Picture humans cast adrift by a failing sense of purpose, devoid of the anchor of employment or industry, without the facility to ensure a meal on the table. A full belly, opening up the room to smile, the luxury of leisure time, the excitement of love. The resilience of the human spirit witnessed in these pictures connotes that some of these things will survive within us regardless; how we so instantly respond to hardship, how we immediately try to adapt to survive. Where our legs take us even without an assured destination, how we deploy our senses to instinctively seek out the new. The family units, the clustering of small communities supporting each other, a wall of resilience against the elements. The closer one is to the land, the better one feels its rhythms and the more instinctive one’s adaptation.

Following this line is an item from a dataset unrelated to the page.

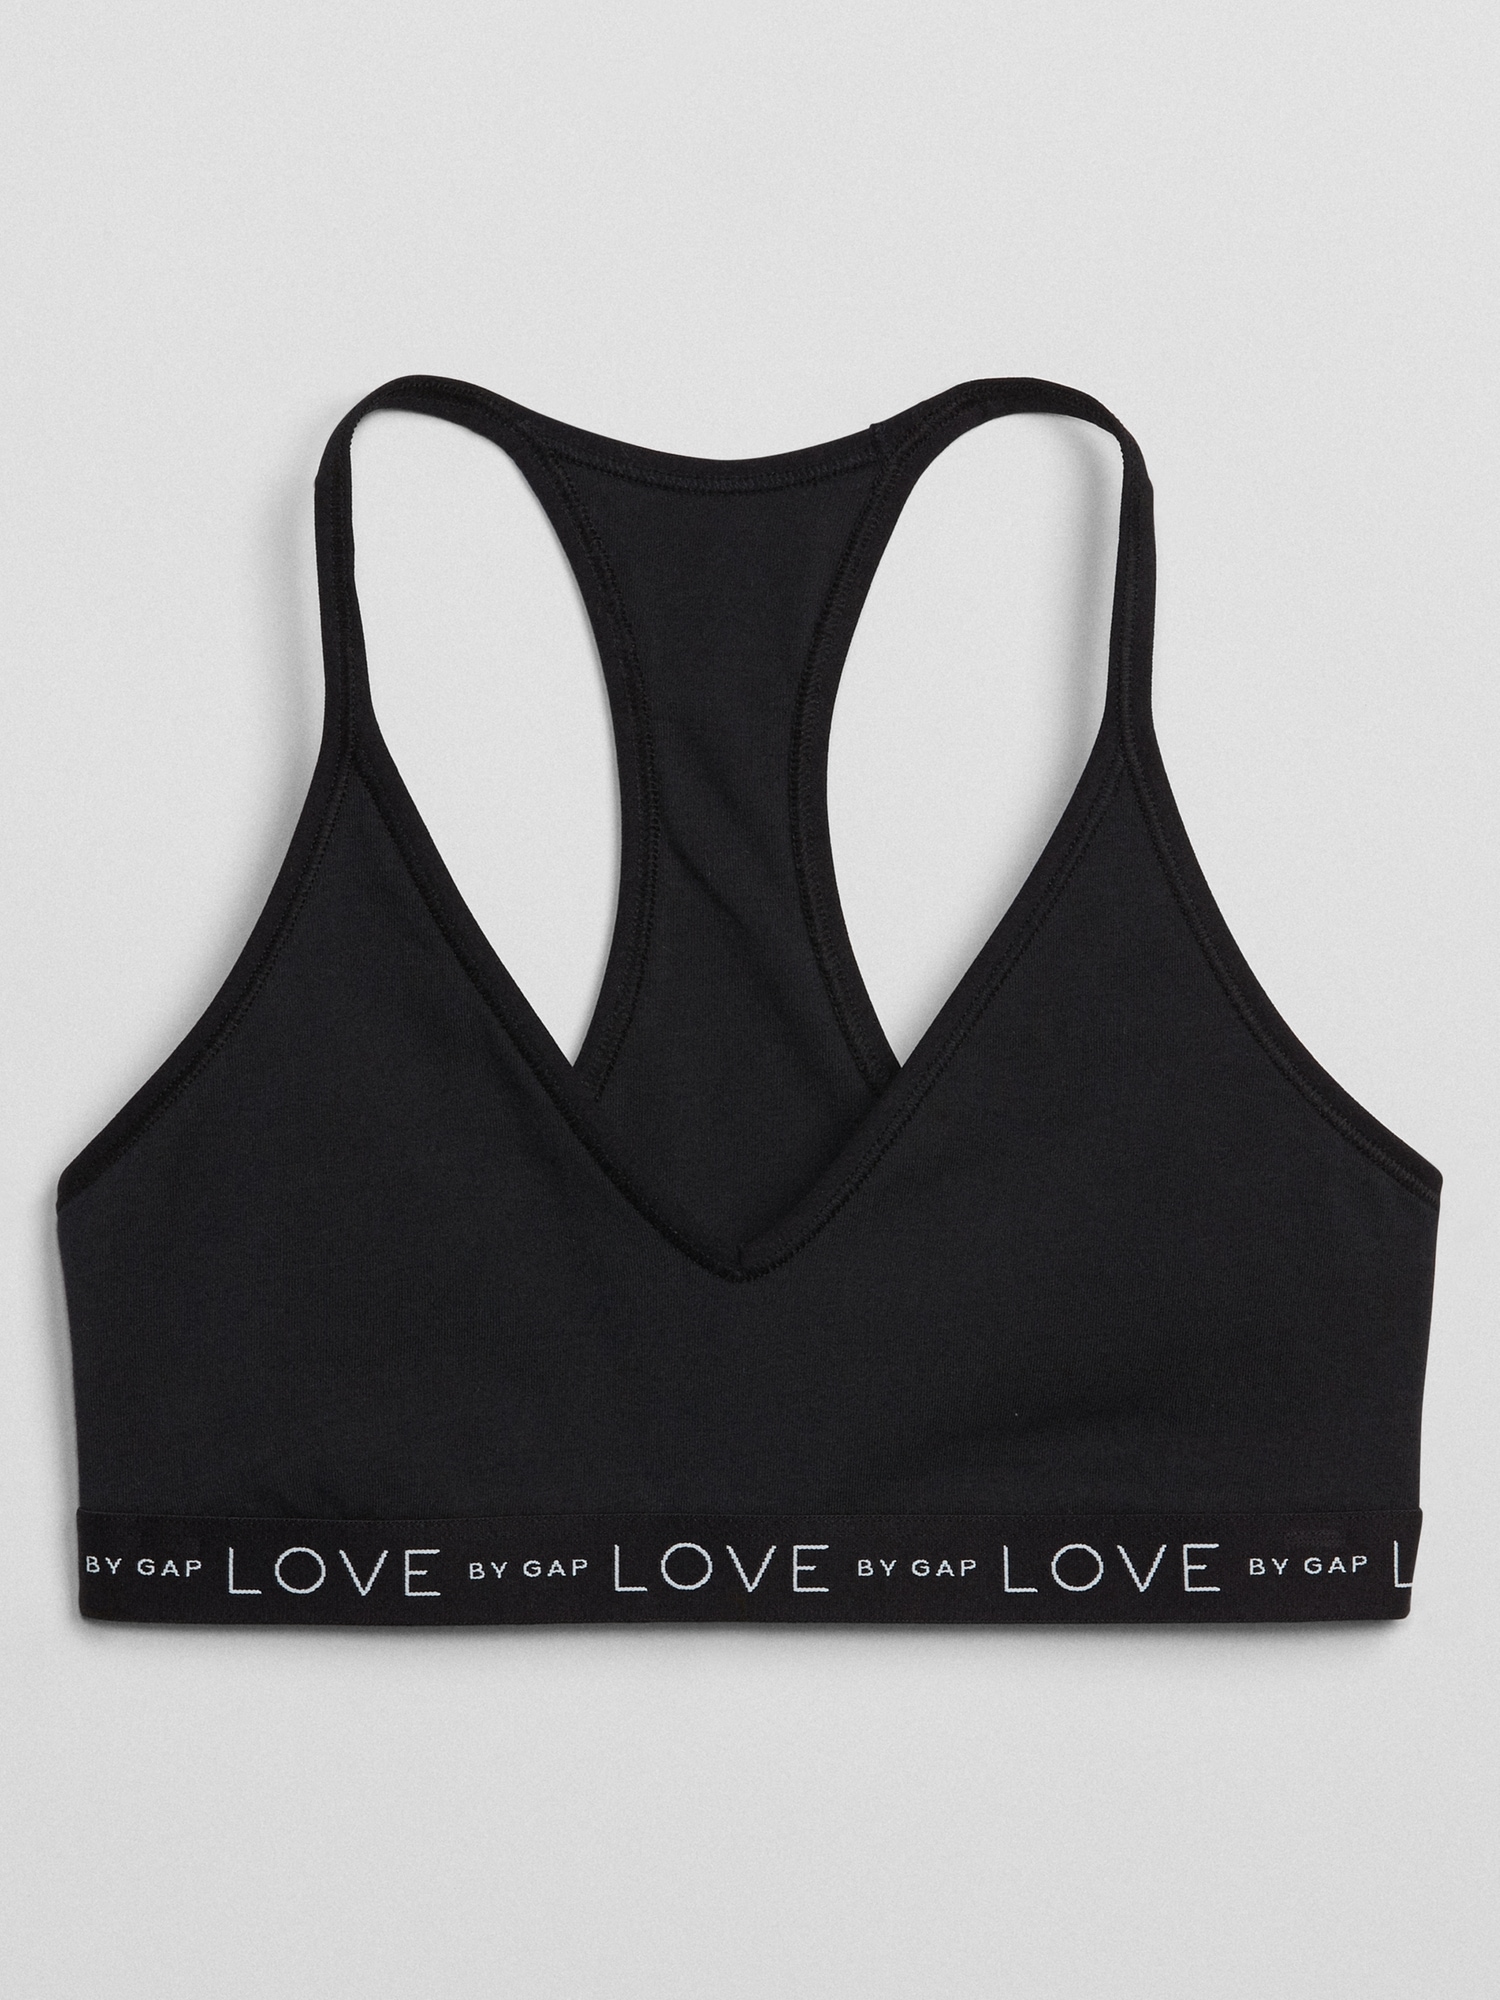 TomboyX Racerback Bra, Cotton for All Day Comfort, No Frills Scoop

The Great Depression saw a global economic downturn that impacted millions, and today amid a worldwide pandemic, we face the prospect of something similar. How will our more atomised and individual culture adapt to this moment? Maybe it will be an entirely new experience, as this potential downturn comes with the added urgency of how to adapt to a changing climate. It is not possible to look at any of these potential catastrophes as distinct from another, and when one traces a path through the economic history of the world, through slavery, colonialism and hyper-industrialisation, it is clear to see how the dominoes are laid. A Middle-East fractured by western economic powers for the purpose of unfettered access to finite and environmentally destructive natural resources, leads to middle eastern families turning up – and in some tragic cases – floating up as corpses, to the beaches of the British south coast. Young men from Sierra Leone or the Congo, turn up in Sicily and roam the streets in search of opportunity, due to the long-established colonial extraction of natural resources from their home nations, including those resources used to build the devices we peer at every day. This leads to multi-generational corrupt governments, installed and paid by traditional colonial powers to sustain this exploitative economic structure, ensuring the nations with these valuable resources do not experience real infrastructural growth and autonomy. The damage done to the natural world is intricately connected to the economy and the inequality that sustains this economy. We cannot discuss the climate without discussing racial capitalism.

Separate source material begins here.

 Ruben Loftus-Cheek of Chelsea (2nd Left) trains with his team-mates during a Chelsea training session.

As unemployment rises in the US and across the world, the racial fissures underlying our economic architectures will come into effect, as we have already seen during the early days of the pandemic. Similar scenarios were also observed during the depression. Then, the menial labour and low-end jobs that were typically the preserve of brown and black citizens at the lowest rung of the economic ladder in America were encroached upon by white Americans in poverty. This appropriation was aided in part by Franklin D. Roosevelt’s “New Deal”; reforms and regulations designed to boost the economy of The United States of America and aim the country towards some sort of greatness.